A Dual‐Targeting, Multi‐Faceted Biocompatible Nanodrug Optimizes the Microenvironment to Ameliorate Abdominal Aortic Aneurysm

Abdominal aortic aneurysm (AAA) is a highly lethal cardiovascular disease that currently lacks effective pharmacological treatment given the complex pathophysiology of the disease. Here, single‐cell RNA‐sequencing data from patients with AAA and a mouse model are analyzed, which reveals pivotal pathological changes, including the M1‐like polarization of macrophages and the loss of contractile function in smooth muscle cells (SMCs). Both cell types express the integrin αvβ3, allowing for their dual targeting with a single rationally designed molecule. To this end, a biocompatible nanodrug, which is termed EVMS@R‐HNC, that consists of the multifunctional drug everolimus (EVMS) encapsulated by the hepatitis B virus core protein modifies to contain the RGD sequence to specifically bind to integrin αvβ3 is designed. Both in vitro and in vivo results show that EVMS@R‐HNC can target macrophages as well as SMCs. Upon binding of the nanodrug, the EVMS is released intracellularly where it exhibits multiple functions, including inhibiting M1 macrophage polarization, thereby suppressing the self‐propagating inflammatory cascade and immune microenvironment imbalance, while preserving the normal contractile function of SMCs.
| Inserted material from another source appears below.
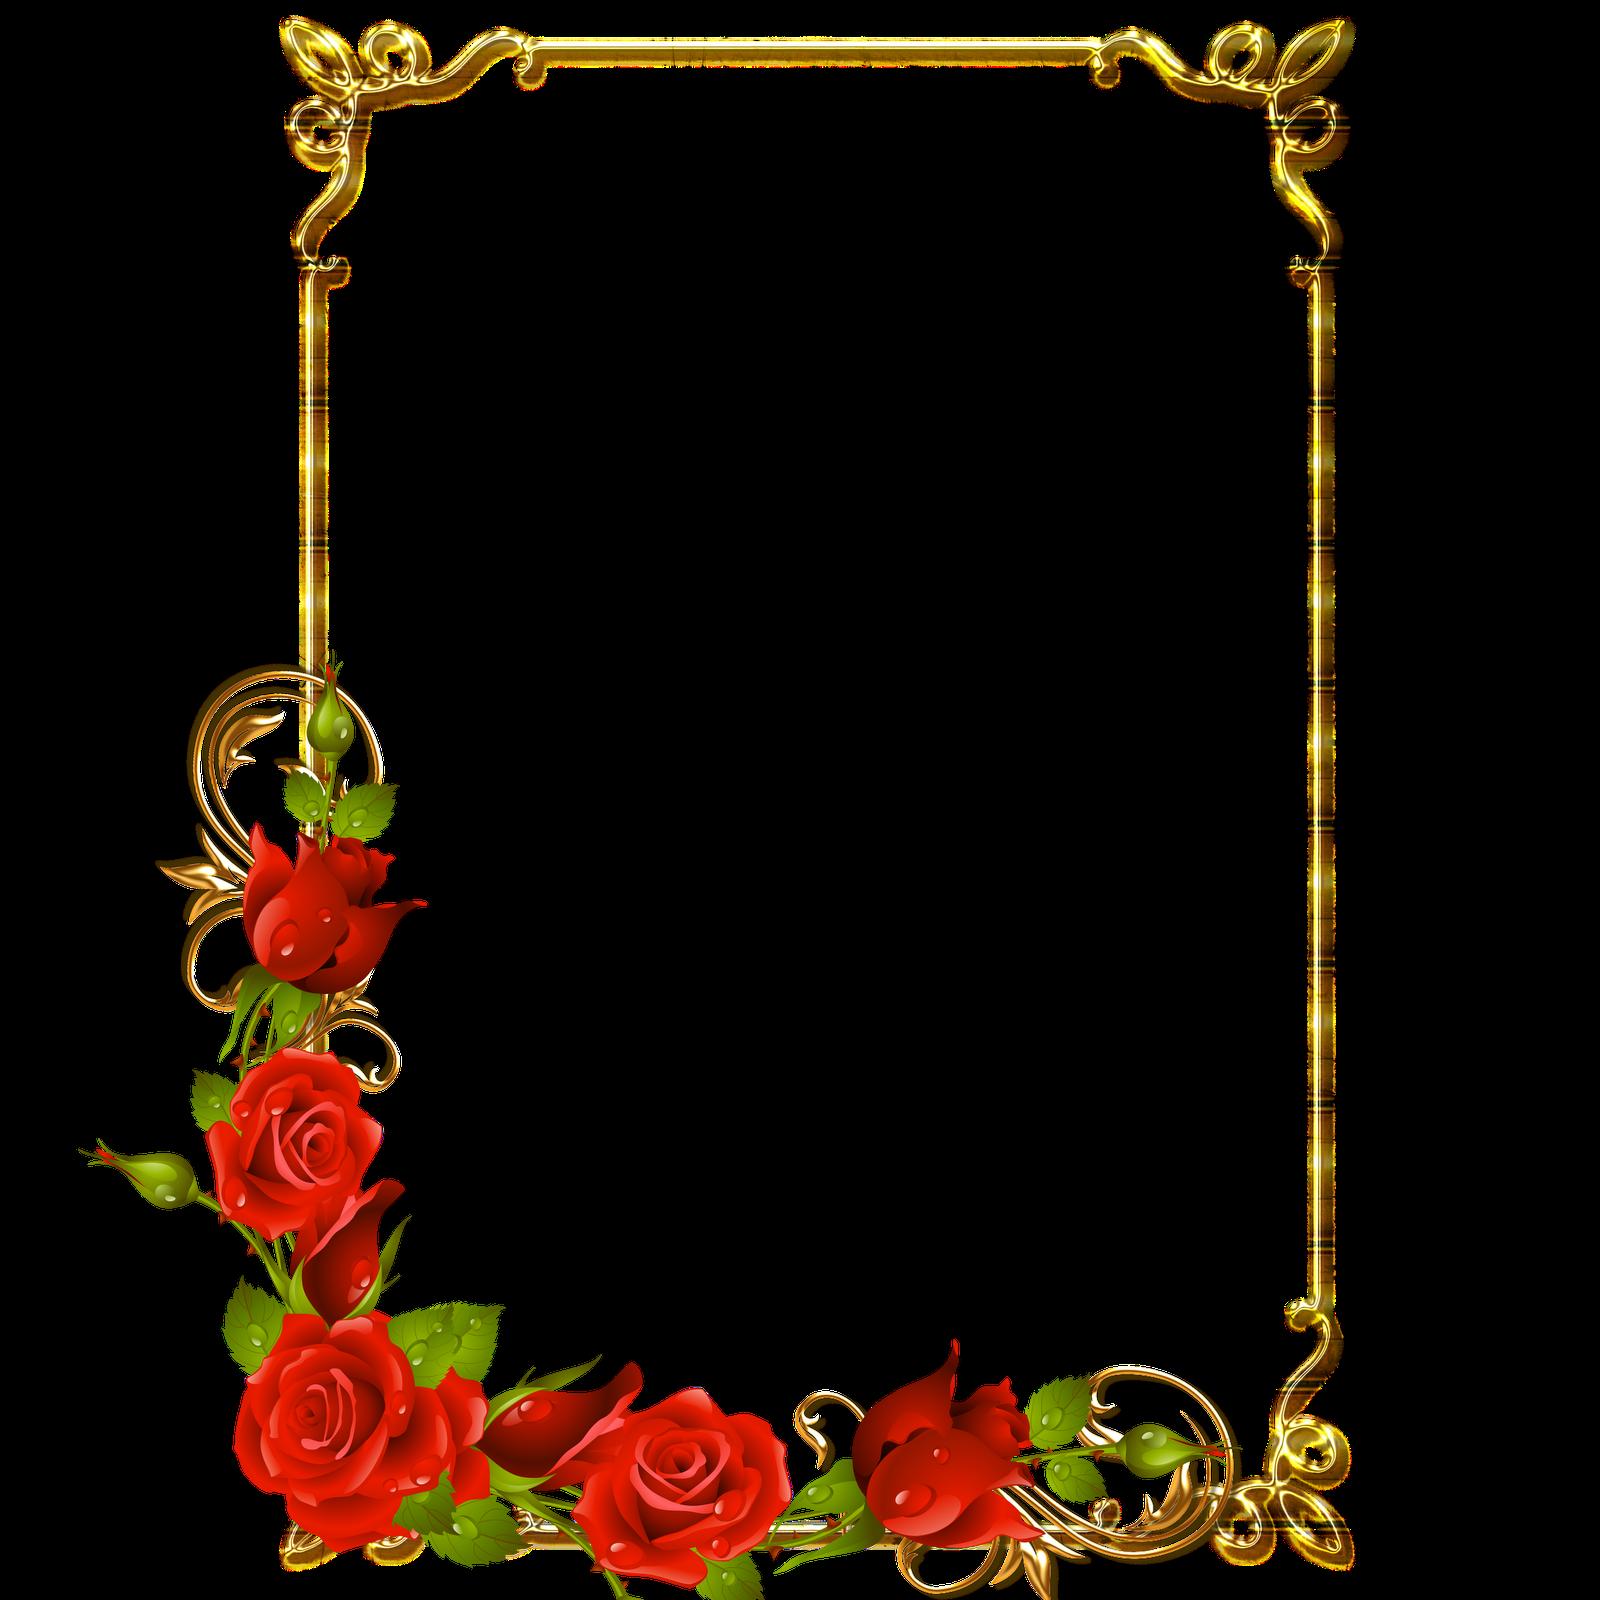 Vector Flores Convites Convites Casamento Casamento Png E: Pin De Juliane Lins Em Fontes
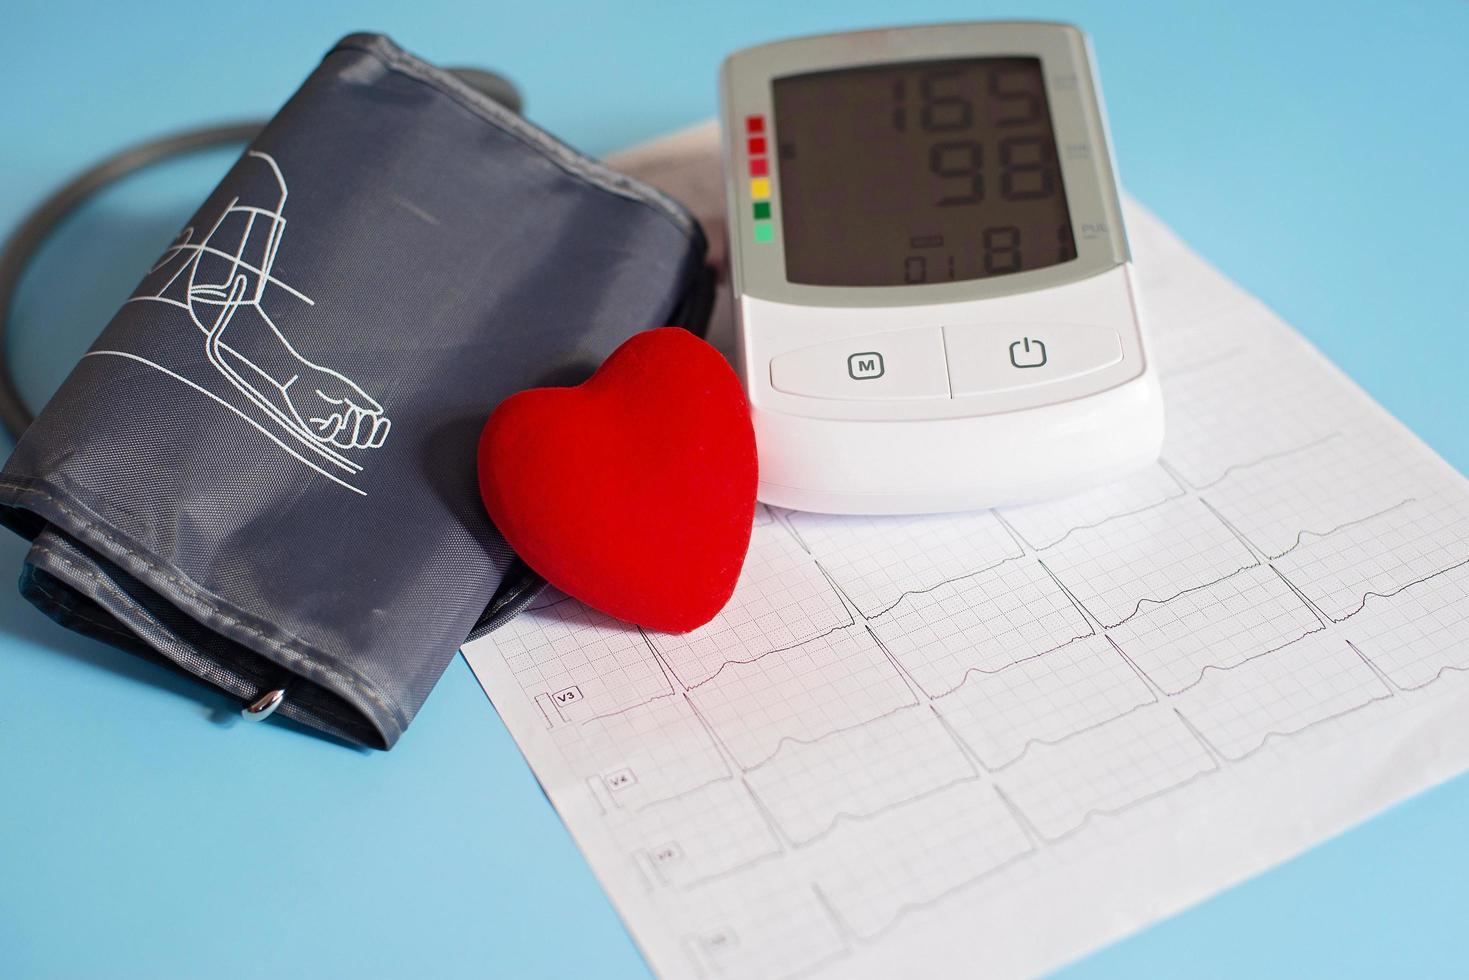 rött leksakshjärta och tonometer på bakgrunden av ett kardiogram. hälsovårdskoncept. kardiologi - vård av hjärtat .. foto

Collectively, these results suggest that EVMS@R‐HNC presents a highly promising therapeutic approach for the management of AAA. By incorporating a hepatitis B virus core protein monomer with an RGD peptide modification and integrating the therapeutic drug EVMS through self‐assembly, the EVMS@R‐HNC construct specifically targets and facilitates the conversion of pro‐inflammatory M1‐like macrophages into anti‐inflammatory M2‐like macrophages, thereby suppressing the secretion of pro‐inflammatory cytokines and ameliorating the inflammatory microenvironment.